• **EXERCISE INPUT**
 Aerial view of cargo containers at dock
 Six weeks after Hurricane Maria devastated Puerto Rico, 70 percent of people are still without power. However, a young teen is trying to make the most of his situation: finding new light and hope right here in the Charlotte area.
--
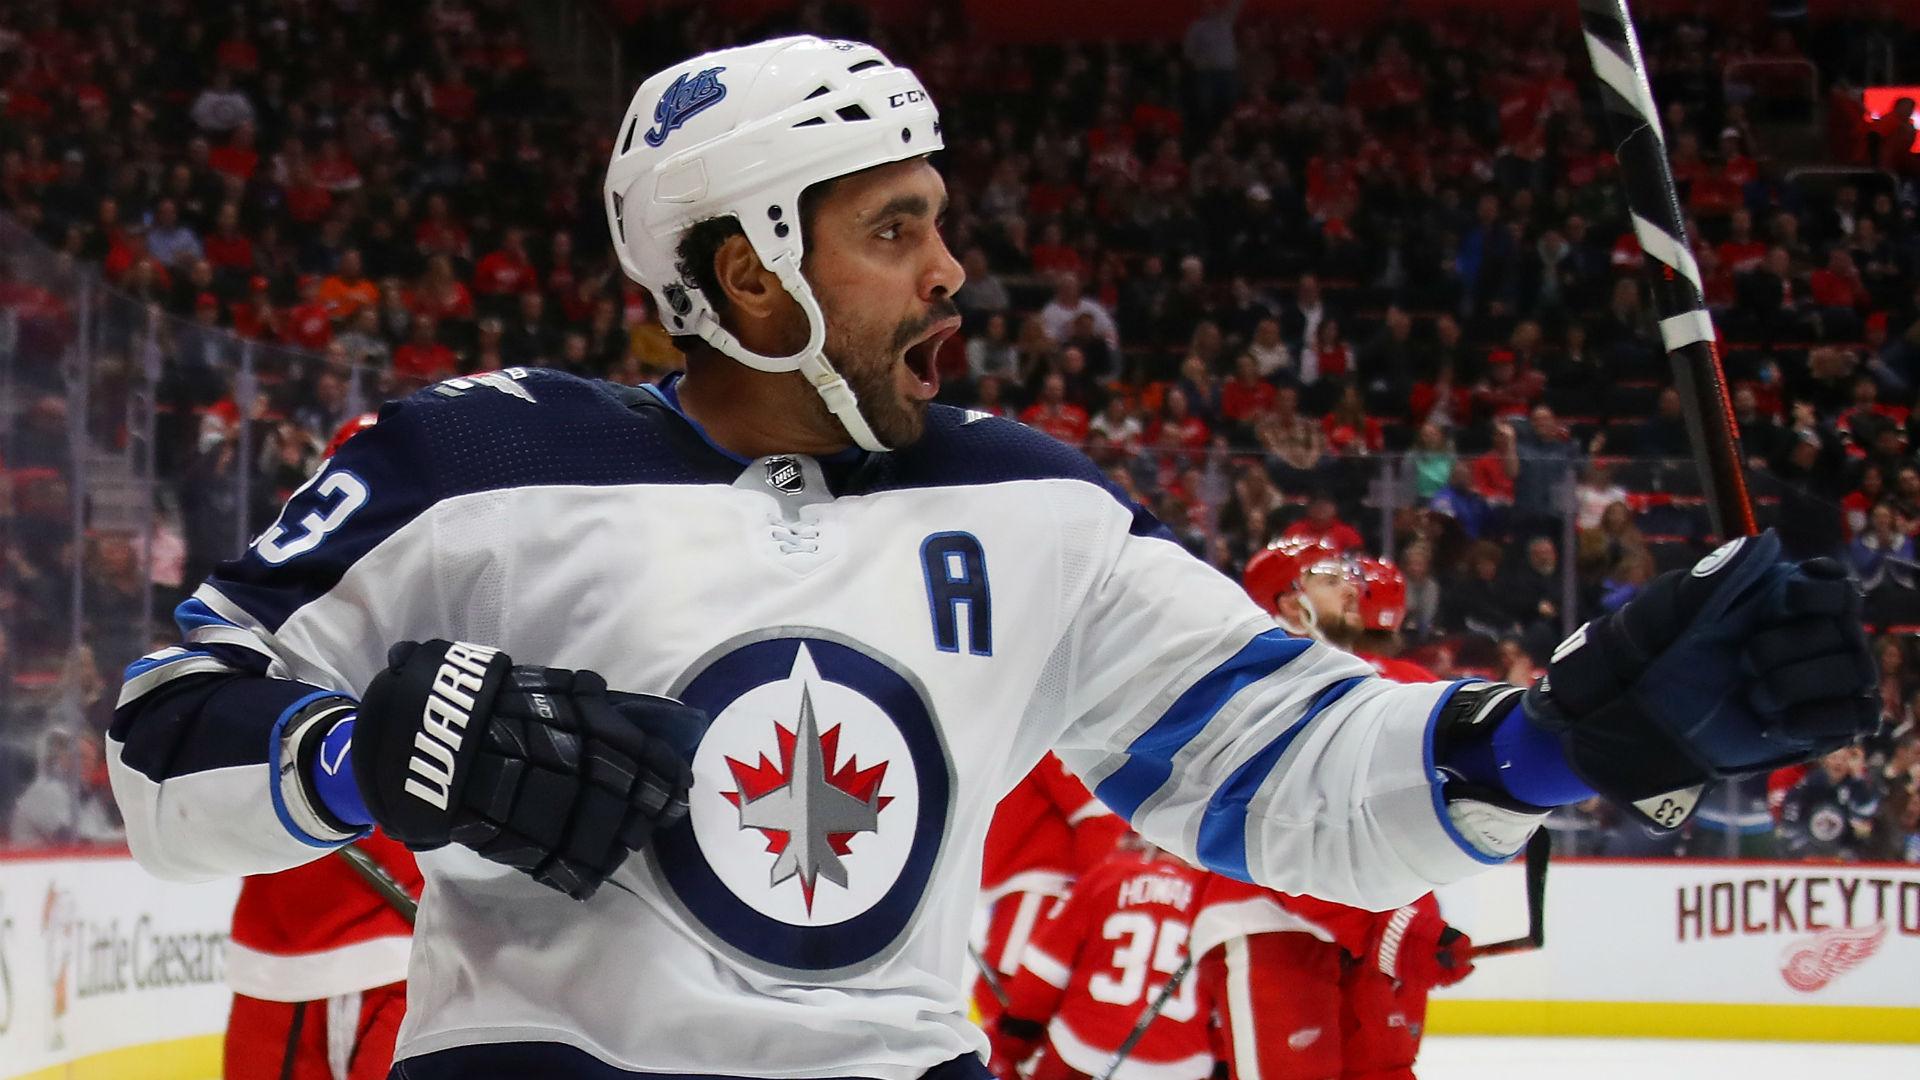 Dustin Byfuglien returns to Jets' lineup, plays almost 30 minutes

• **WHAT TO WORK ON**
Please give back, exactly as it stands above, the stretch from the line with "Aerial view of cargo containers at dock" through the line with "Six weeks after", and no line outside it.

• **SOLUTION TO THIS TASK**
 Aerial view of cargo containers at dock
 Six weeks after Hurricane Maria devastated Puerto Rico, 70 percent of people are still without power. However, a young teen is trying to make the most of his situation: finding new light and hope right here in the Charlotte area.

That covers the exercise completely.